Throughout its history, Dallas Independent School District has grown in part by absorbing other districts into its system, according to Wikipedia. At the same time, the district added more students in 1941 by switching from eleven to twelve grades – as was customary for schools to provide at the time. The district remained segregated until the Supreme Court decision Brown v. Board of Education in 1954. Although schools were ordered to desegregate at that time, Dallas schools took another six years after the decision to start the desegregation process. That process was not completed until 1967 when Dallas Independent School District formally announced that all of its schools were desegregated.
This video offers a message from a Dallas ISD graduate.
Historic Dallas High Schools
The Examiner reports that in the 1940s, there were just six high schools in the Dallas Independent School District. Some of those schools are still in existence today in their original locations. The six original high schools in the district include:
- Forest Avenue High School, located in South Dallas, was built in 1916. The school’s name has since been changed to James Madison High School. The school was rezoned to accommodate overcrowding at nearby high schools, so the address of the school has since changed as well.
- Booker T. Washington High School, built in 1884 as the Colored School No. 2, is one of the original Dallas schools still in operation today. It changed its name in 1922 to Booker T. Washington and remains the oldest traditionally African-American school in the city.
- W.H. Adamson High School was originally opened in 1915 as Oak Cliff High School It was renamed W.H. Adamson after the principal of the school, William Adamson, died in 1934.
- N.R. Crozier Technical High School was first constructed in 1907. The school has switched names a number of times and is now known as the Business and Management Magnet School. The location has also changed, and now city officials must determine what to do with the original building – preserve it or demolish it.
- Woodrow Wilson High School served the southern area of Dallas when it opened in 1928. The school is still in existence as an IB high school in Dallas.
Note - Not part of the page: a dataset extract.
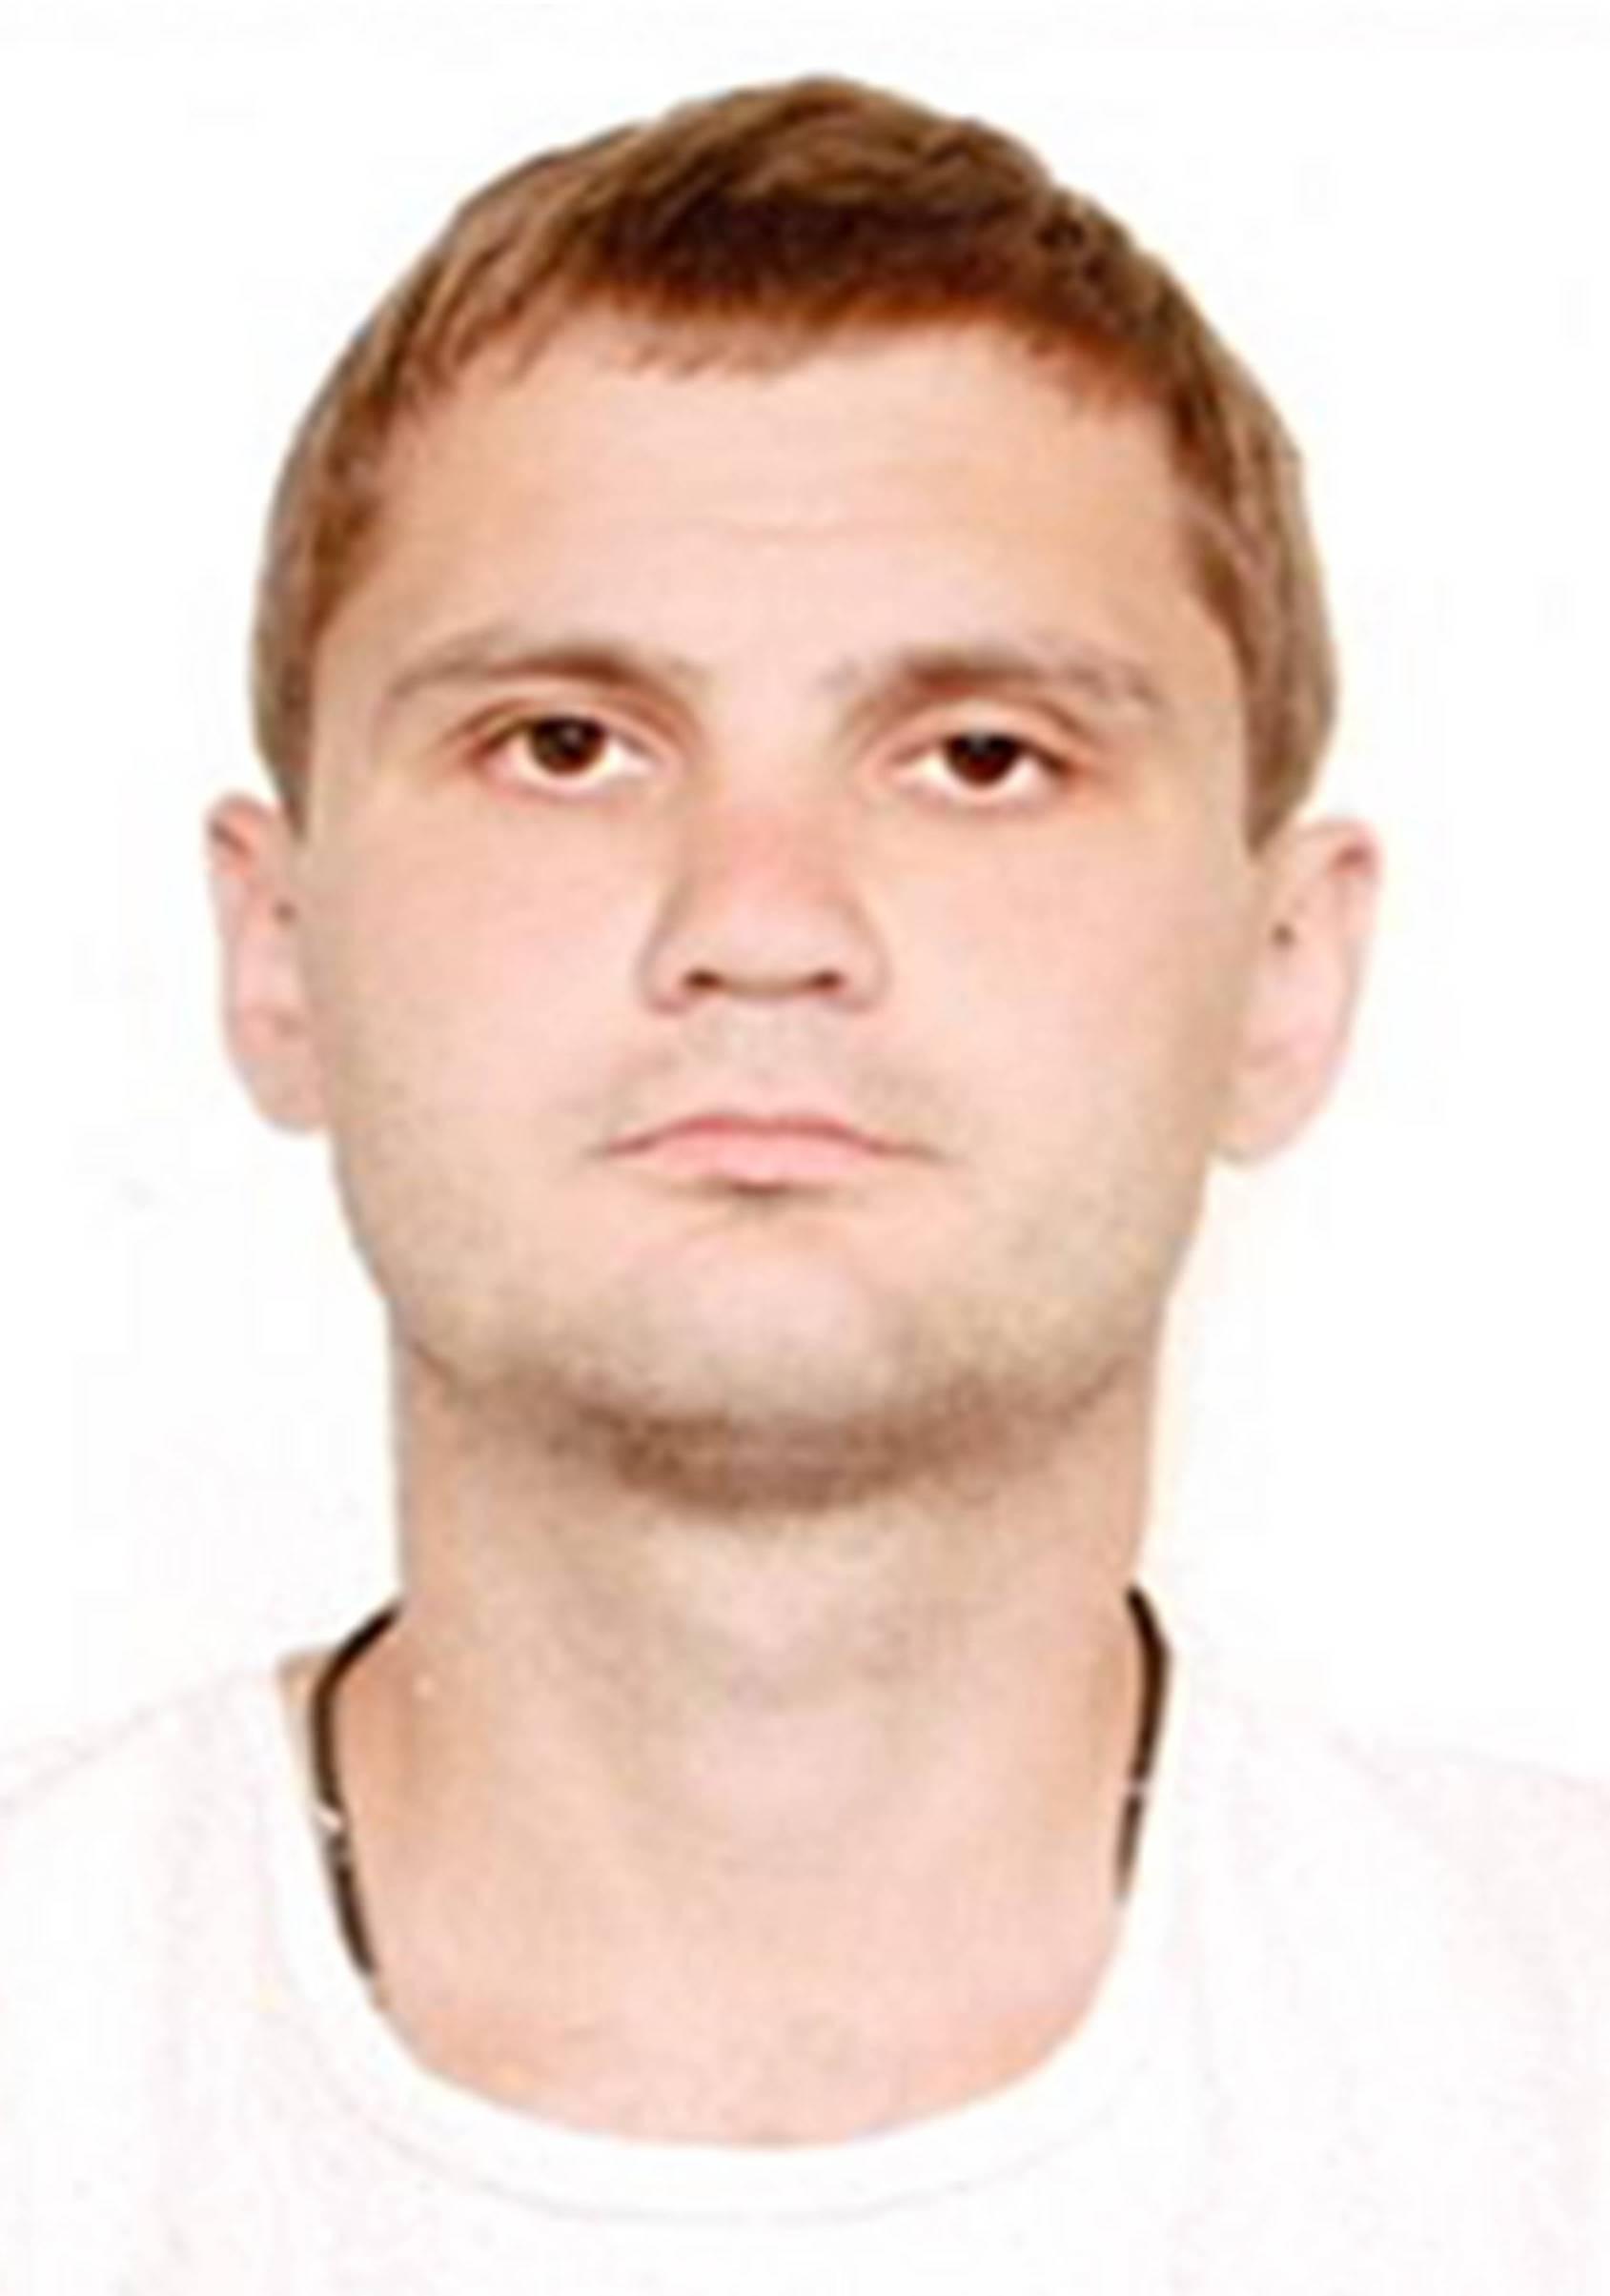 Polunytskyi Oleksandr

- Sunset High School opened in 1925 and is still in operation today at its original location.
This video reports on the Dallas ISD Athletic Hall of Fame Ceremony.
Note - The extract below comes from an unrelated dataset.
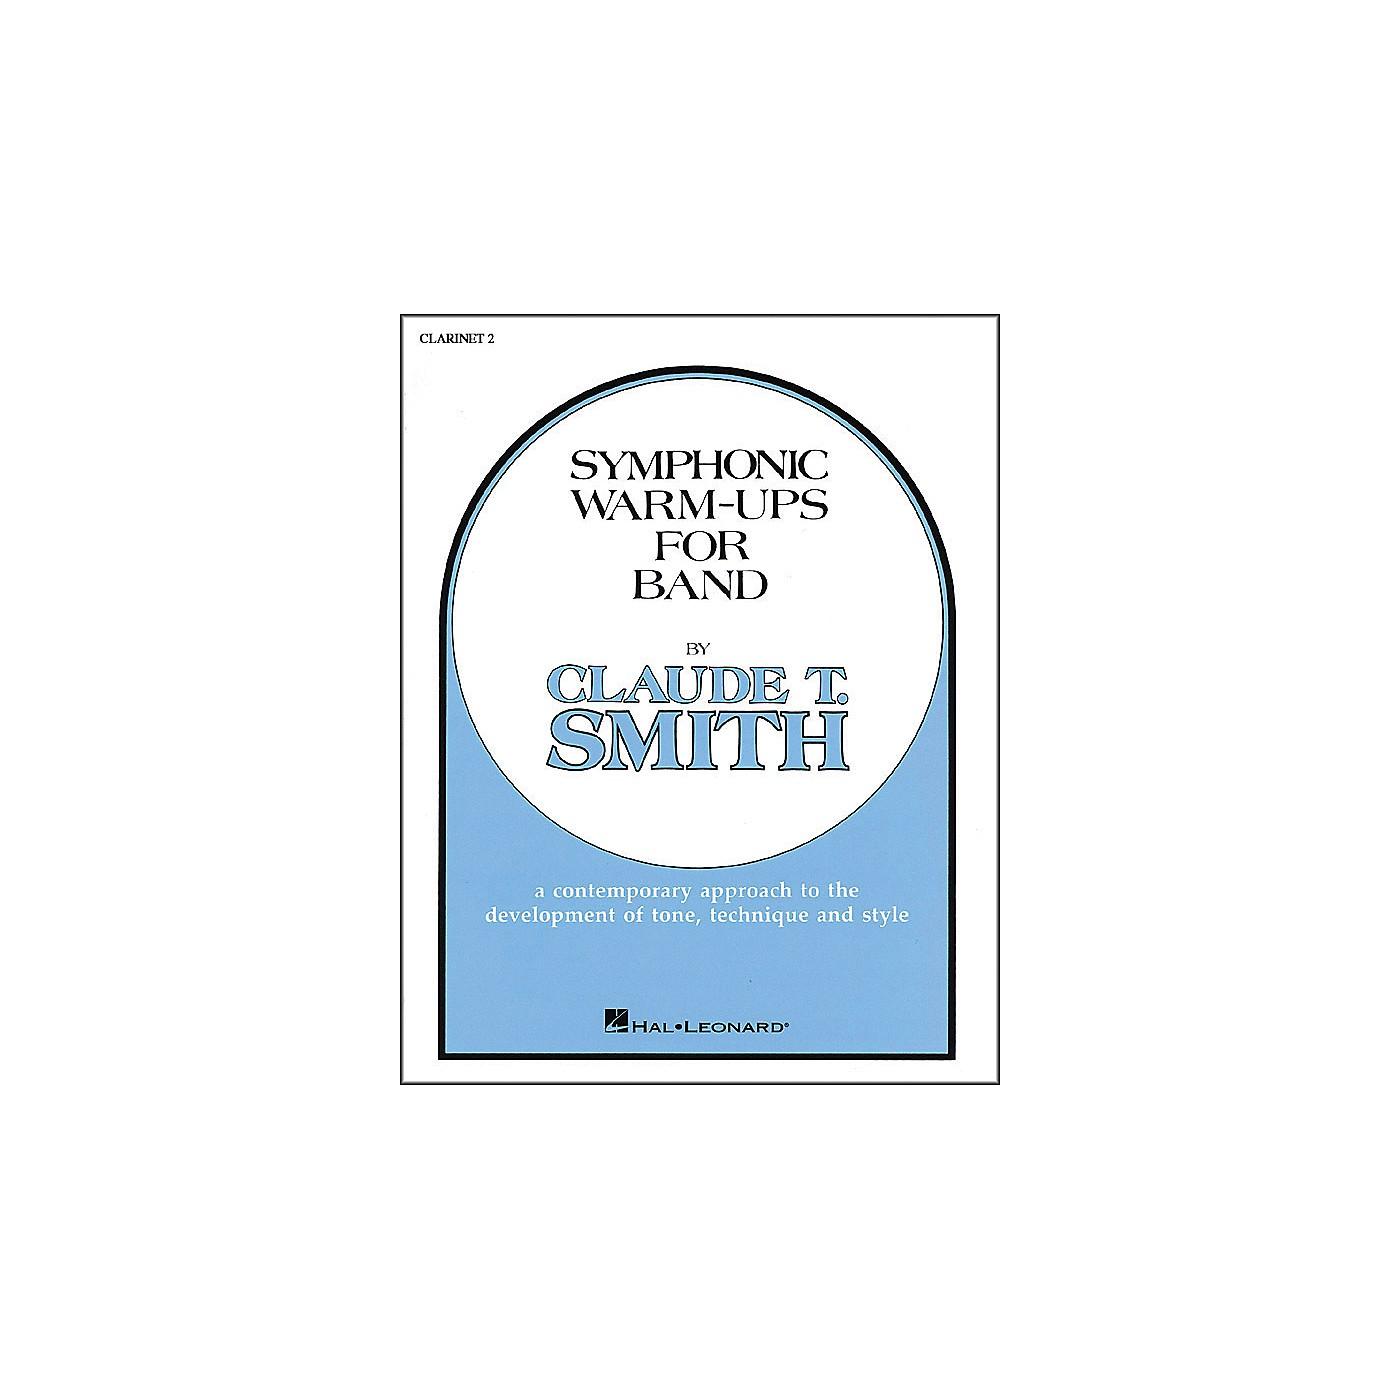 Hal Leonard Symphonic Warm-Ups For Band For B Flat Clarinet 2 thumbnail

Dallas Independent School District Today
With a rich history and strong traditions, the Dallas Independent School District continues its operations today with 230 schools serving more than 157,000 students. According to the district website, Dallas boasts a number of Blue Ribbon Schools and numerous high-performing schools recognized as such by the Texas Education Agency. During the 2005-2006 school year, the district implemented mandatory school uniforms for elementary and middle school students. Schools that do not abide by the uniform policy are allowed to use their own mandatory dress codes. Parents may also opt out of uniform policies for “bona fide” reasons.
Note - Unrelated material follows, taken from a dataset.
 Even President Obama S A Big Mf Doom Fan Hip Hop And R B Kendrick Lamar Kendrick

Graduation rates have plagued the Dallas Independent School District in recent years, but according to the district website, those numbers are also improving. The website states that the number of graduates in 2011 was 7,149, the highest number since 1983. In addition, the website says that more than three-quarters of Dallas students are graduating on time, which is up 15 percentage points from five years prior. The dropout rate has also decreased, from 25.8 percent just a few short years ago to around 11 percent today.
Dallas Independent School District is also addressing its high school students' needs in other ways. The number of students passing Advanced Placement examinations is on the rise, ensuring seniors graduating receive college credits ahead of enrollment. The district has also successfully increased college readiness among its high school seniors over the past five years.
With many efforts in place, Dallas Independent School District is considered one of the fastest-improving districts across the country. Although the district continues to face many challenges, there have been many positives along the way. With one of the largest districts – and student bodies – in the country, Dallas Independent School District is working hard to provide its students with the education they need to be competitive in the 21st-century workforce.